Accordingly, in this work, we have investigated and optimized the physio/chemical performance of a novel G/PtO/n-Si heterostructured electrode for non-enzymatic glucose biosensors with the primary objective of enhancing the linear detection range and reducing the interference between glucose and other chemicals in the whole blood in order to enhance selectivity. The critical challenge in this research is to achieve high selectivity while maintaining, wide linear range and low detection limit; this is carried out by optimizing the G/PtO film thickness and enhancing their interface. Therefore, for the first time, an ALD-grown platinum oxide (PtO) was effectively employed as both a catalyst to grow graphene and an electrocatalytic agent for the oxidation of glucose and H2O2 molecules, respectively. Pt and PtO are considered as the strongest catalytic metals/metal oxides for glucose detection [20,21,22]. However, there are some limitations associated with Pt/PtO sensors, including their degradation due to the adsorption of physiological solutions such as some uric and amino acids [11,12,17,23]. Bai et al. [18] hypothesized the advantage of using PtxCO1−x alloy nanoparticles and carbon as a support, with this alloy representing the enhancement of device selectivity toward glucose and linear response at different concentrations. Moreover, it avoids the competitive effects of fructose, uric acid, and ascorbic acid. Hence, in this work, graphene is also employed as both a protective and sieving layer to protect the PtO film and further enhance sensor stability and selectivity. In addition, due to its high electrical conductivity, graphene-based electrodes contribute to the enhancement of device sensitivity.
Theoretical and experimental analyses revealed that G/PtO interface results in a carrier-free region where the two materials align in their fermi levels by charge transfer from graphene to Pt [21]. Graphene is p-doped because of their Fermi-level alignment, and from I–V characteristics, it demonstrates when applying a forward or reverse bias, it forms symmetric current because of electrons flow [24,25,26]. Besides, a depletion region is formed at the interface of PtO/Si due to the migration of carriers, which depends on the carrier distribution function and the concentration at the silicon surface.

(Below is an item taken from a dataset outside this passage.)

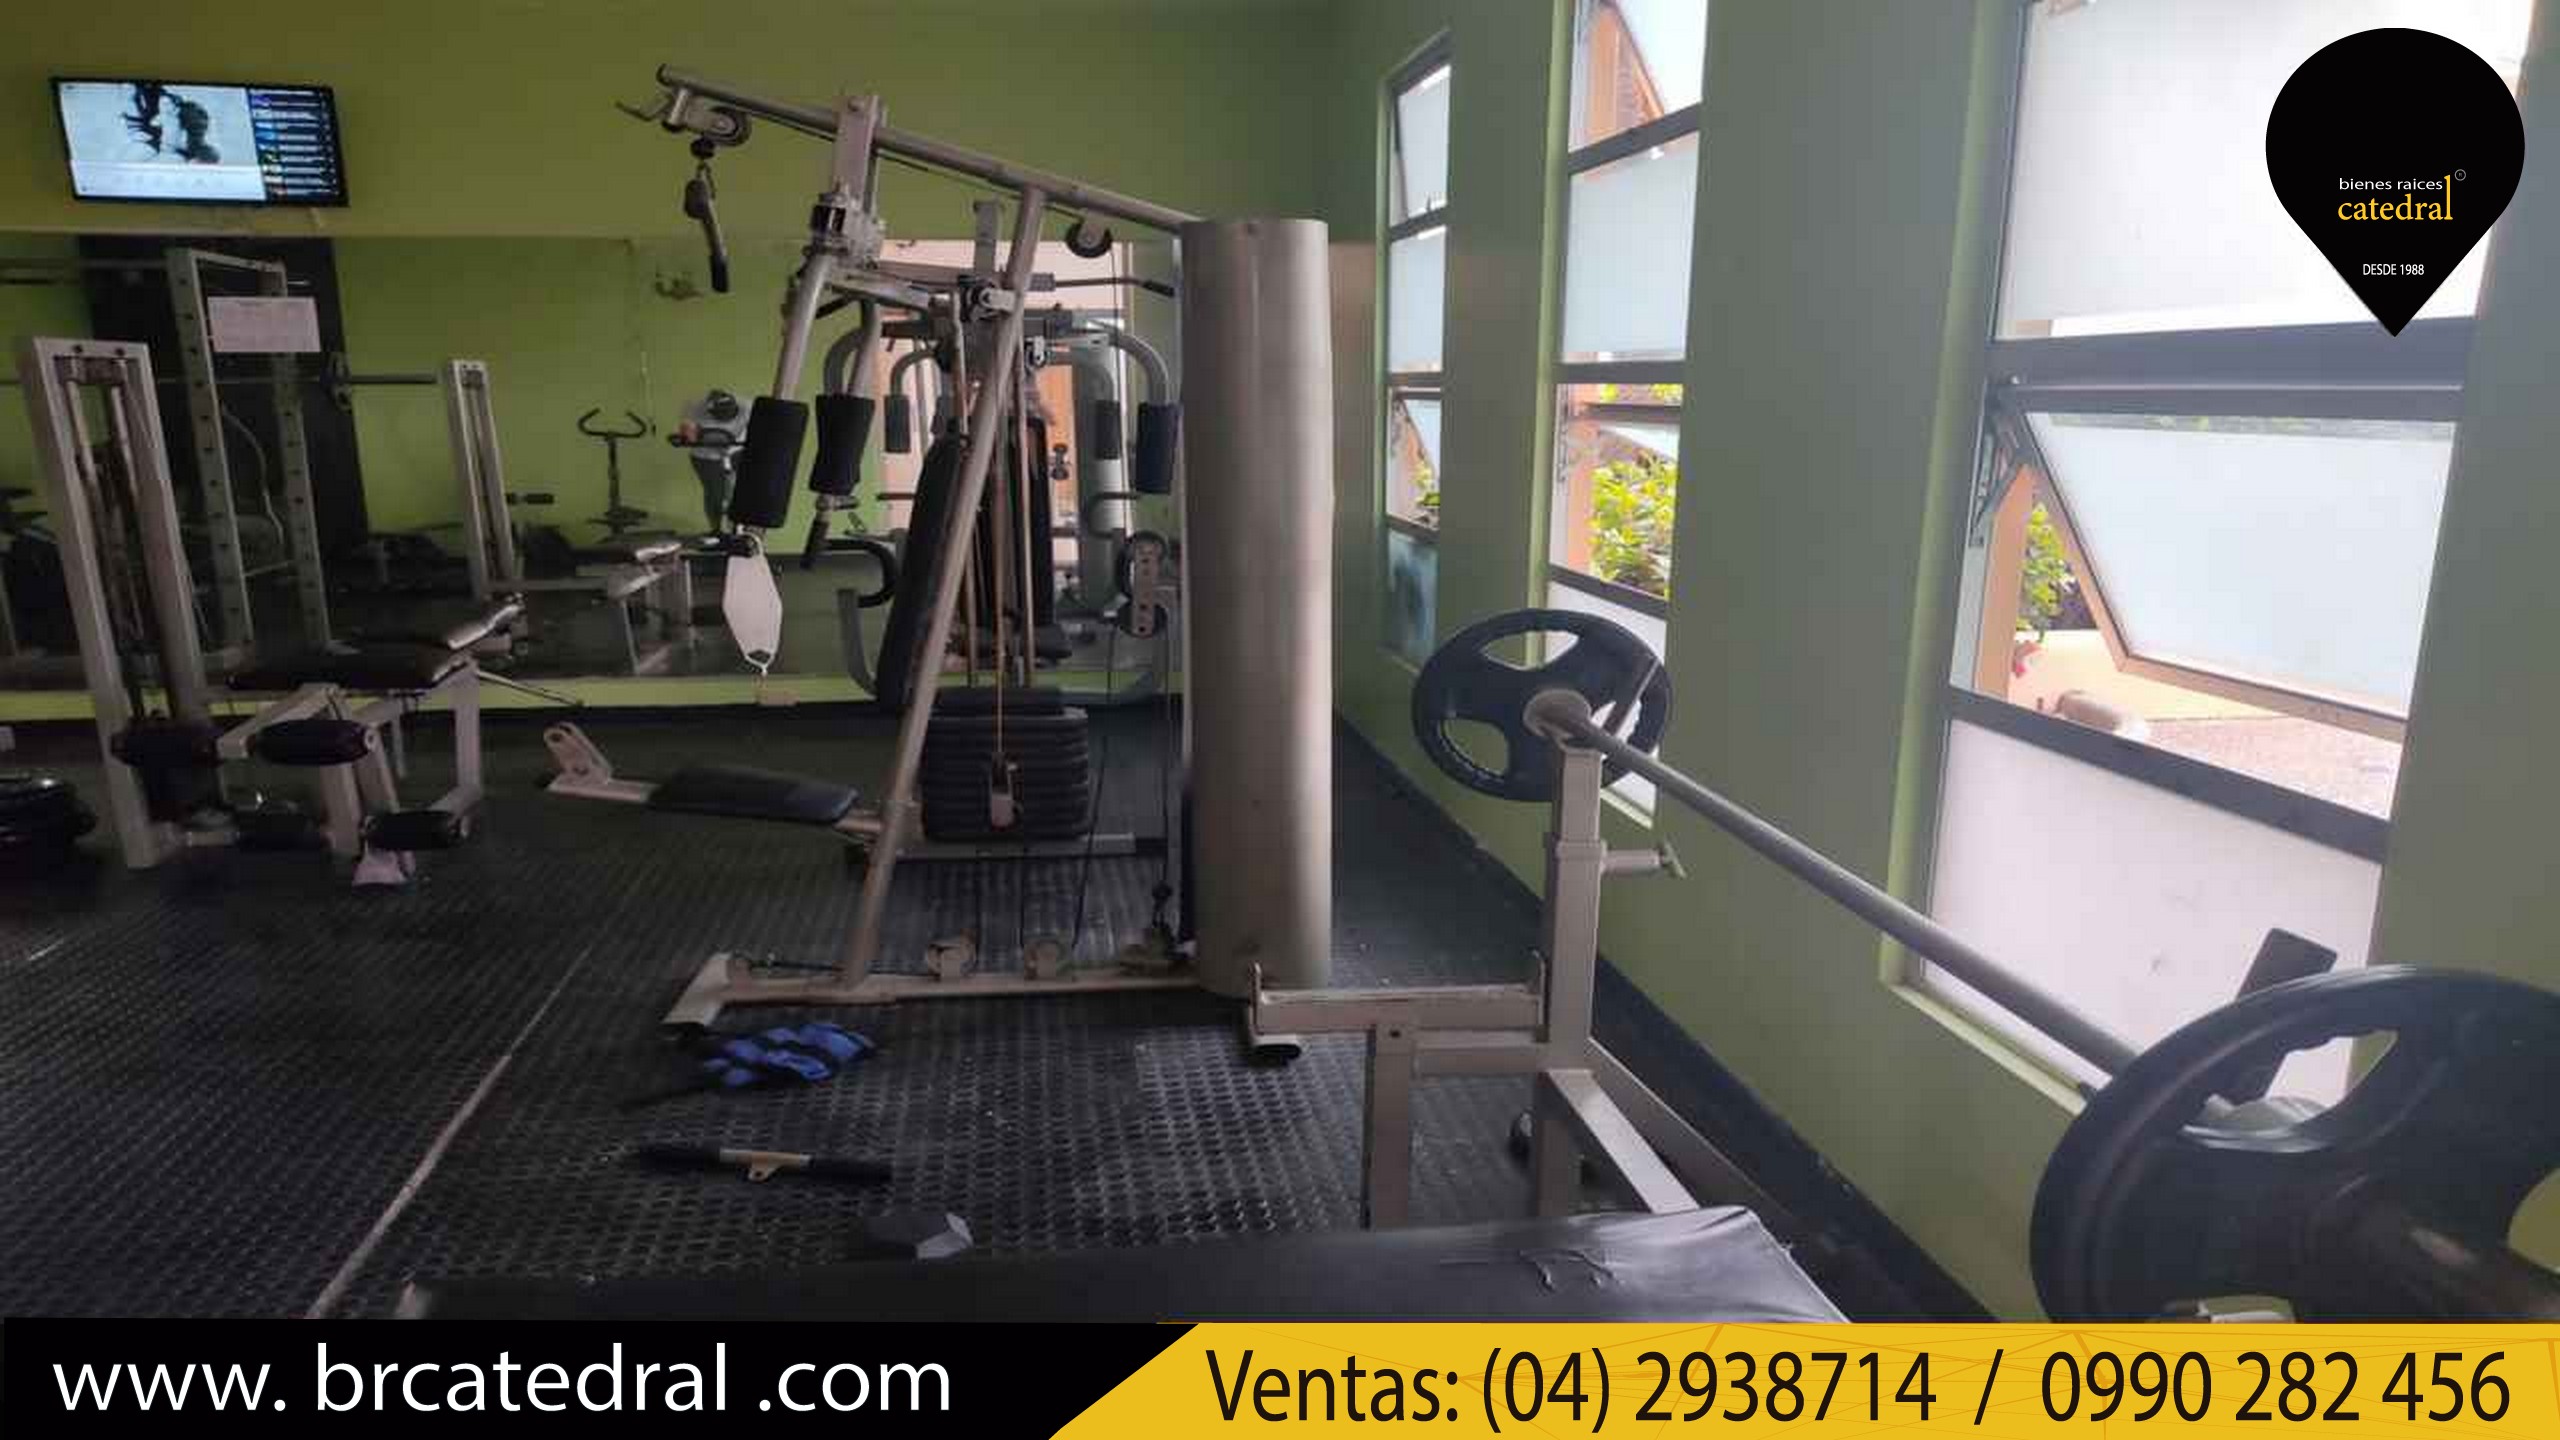 Villa Casa de Venta en Guayaquil Ecuador sector Urb. Volare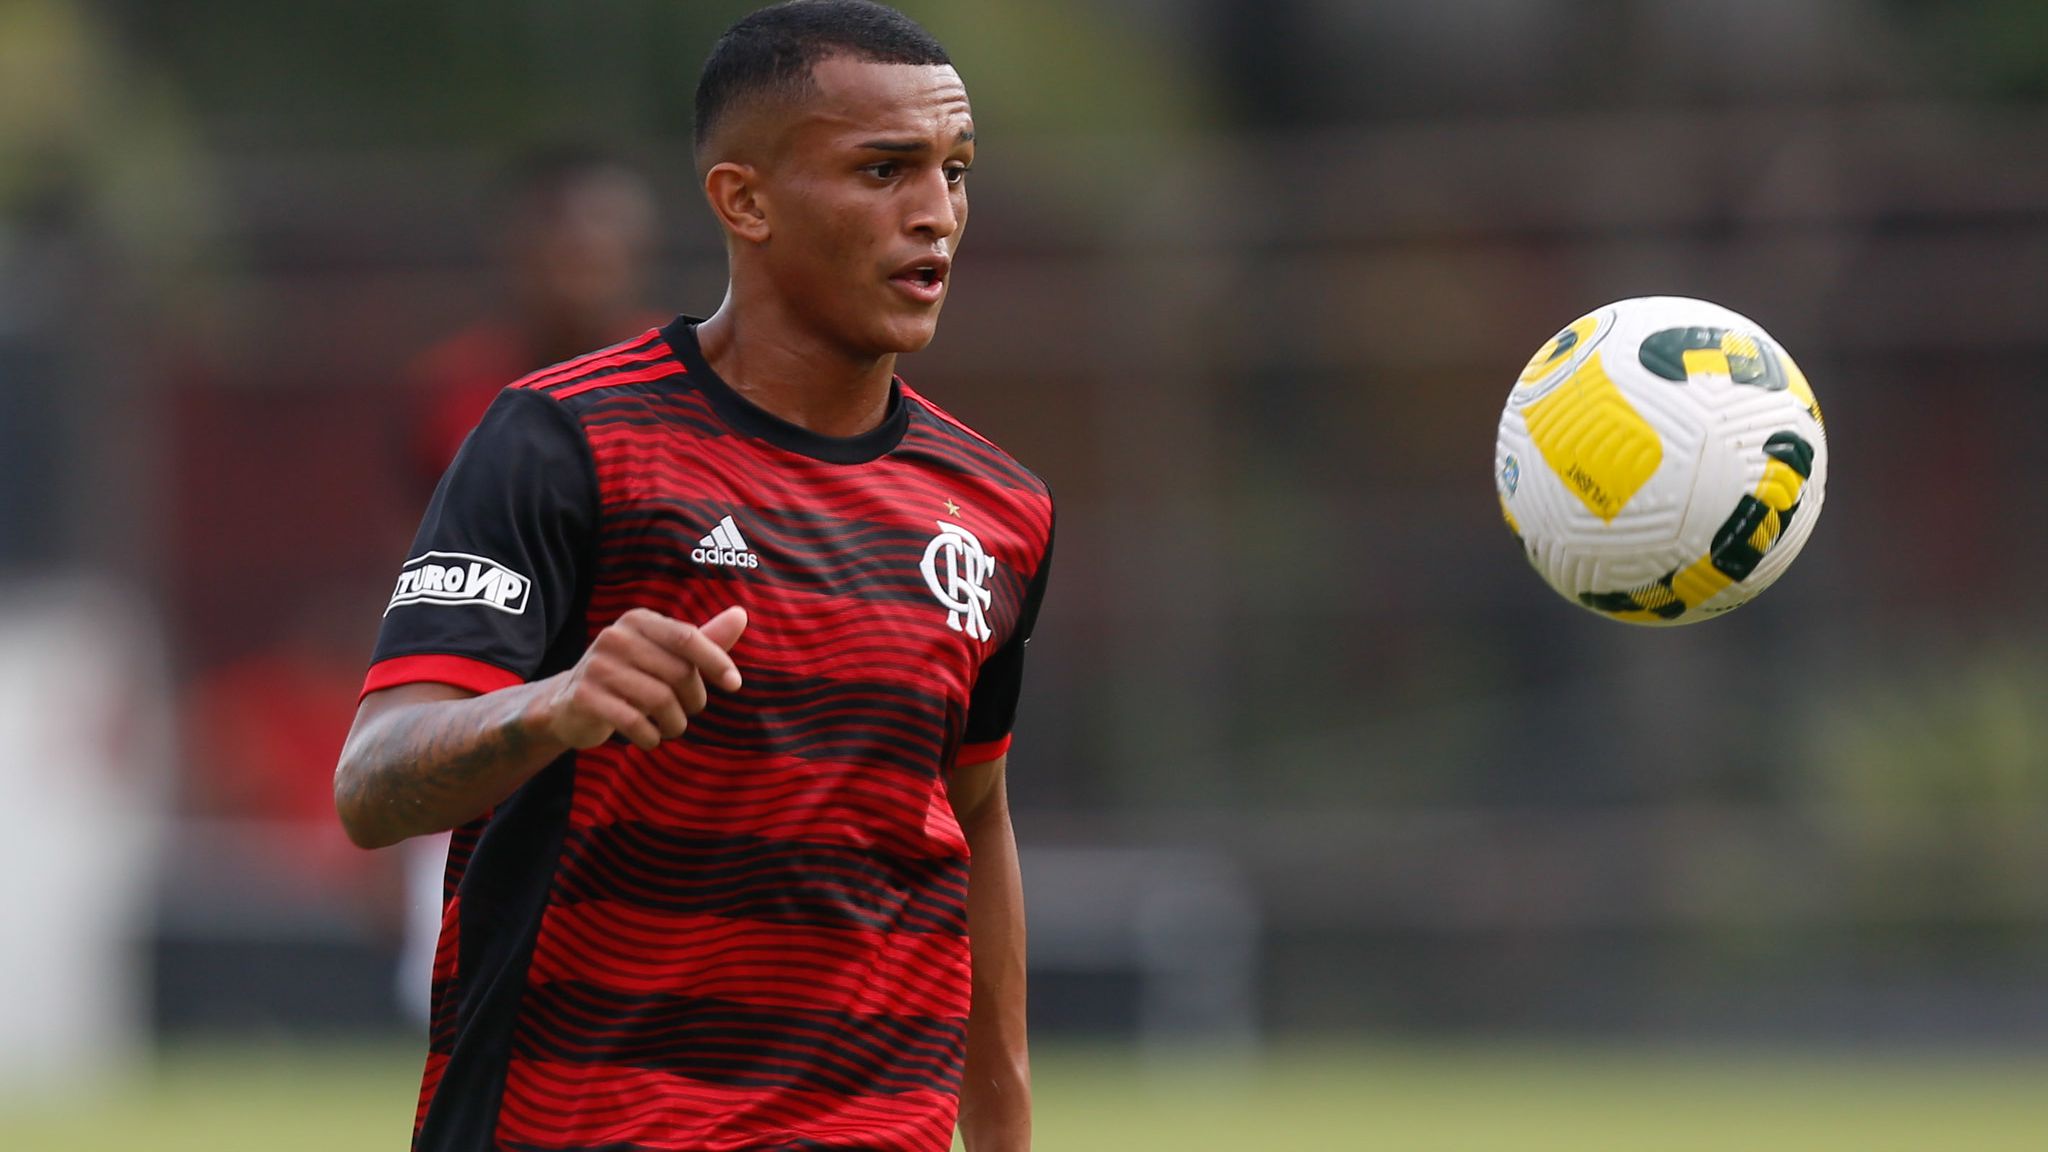 Na mira do Barcelona, Wesley é selecionado pelo Flamengo em pré-lista para  o Mundial de Clubes - Coluna do Fla

We have further investigated the selectivity and charge transfer behavior using a density functional theory (DFT) approach. The model findings were in line with the experimental results as the charge transfer of D-type glucose adsorbed on top of a graphene sheet resting on top of a Pt <111> substrate cut was observed, as well as the direct adsorption of D-glucose on top of a Pt <111> substrate surface.
Sensitivity enhancement by ~70–150% was observed by altering PtO and G layer thicknesses. All sensors structures have exhibited excellent selectivity when examined against whole blood components such as sodium chloride (NaCl), potassium chloride (KCl), urea extra pure, potassium, and phosphate monobasic (K2PO4). From this work, the sensor showed an enhanced sensitivity in the by changing the thickness of the PtO layer, as shown in the hysteresis analysis, selectivity, and cyclic voltammetry figures.
2. Materials and Methods
2.1. Chemicals
D-(+)-glucose monohydrate (C6H12O6·H2O), sodium phosphate monobasic dehydrate (H6NaO6P), sodium chloride (NaCl), and potassium chloride (KCl) were purchased from Sigma-Aldrich. Urea extra pure was obtained from Labchemie. Potassium phosphate monobasic K2PO4 was obtained from Aldrich Chem. Co. Phosphate buffer saline (pH = 7.4) 0.1 mM was prepared fresh for every experiment.
2.2. Device Fabrication
Starting from an N-type silicon wafer and then the deposition of a PtO thin film was performed by atomic layer deposition (ALD) using Cambridge NanoTech Savannah ALD deposition system. The used precursors were Trimethyl (methylcyclopentadienyl) Pt (IV) with high purity O2 used as an oxidizing agent. Deposition temperature was 275 °C for 50–500 ALD-cycles to produce a PtO thin film with thickness ranging from 50 to 500 Å, respectively. Subsequently, graphene bottom-up growth was done in Plasma Enhanced Chemical Vapor Deposition (PECVD) using Oxford Instruments, Plasmalab 100 PECVD System. The pressure was maintained at 1500 mTorr, and the chamber was heated from 195 to 600 °C in a methane (CH4) rich environment. High frequency 13.56 MHz and low frequency 380 kHz powers were varied to control the structure and thickness of the obtained graphene structure.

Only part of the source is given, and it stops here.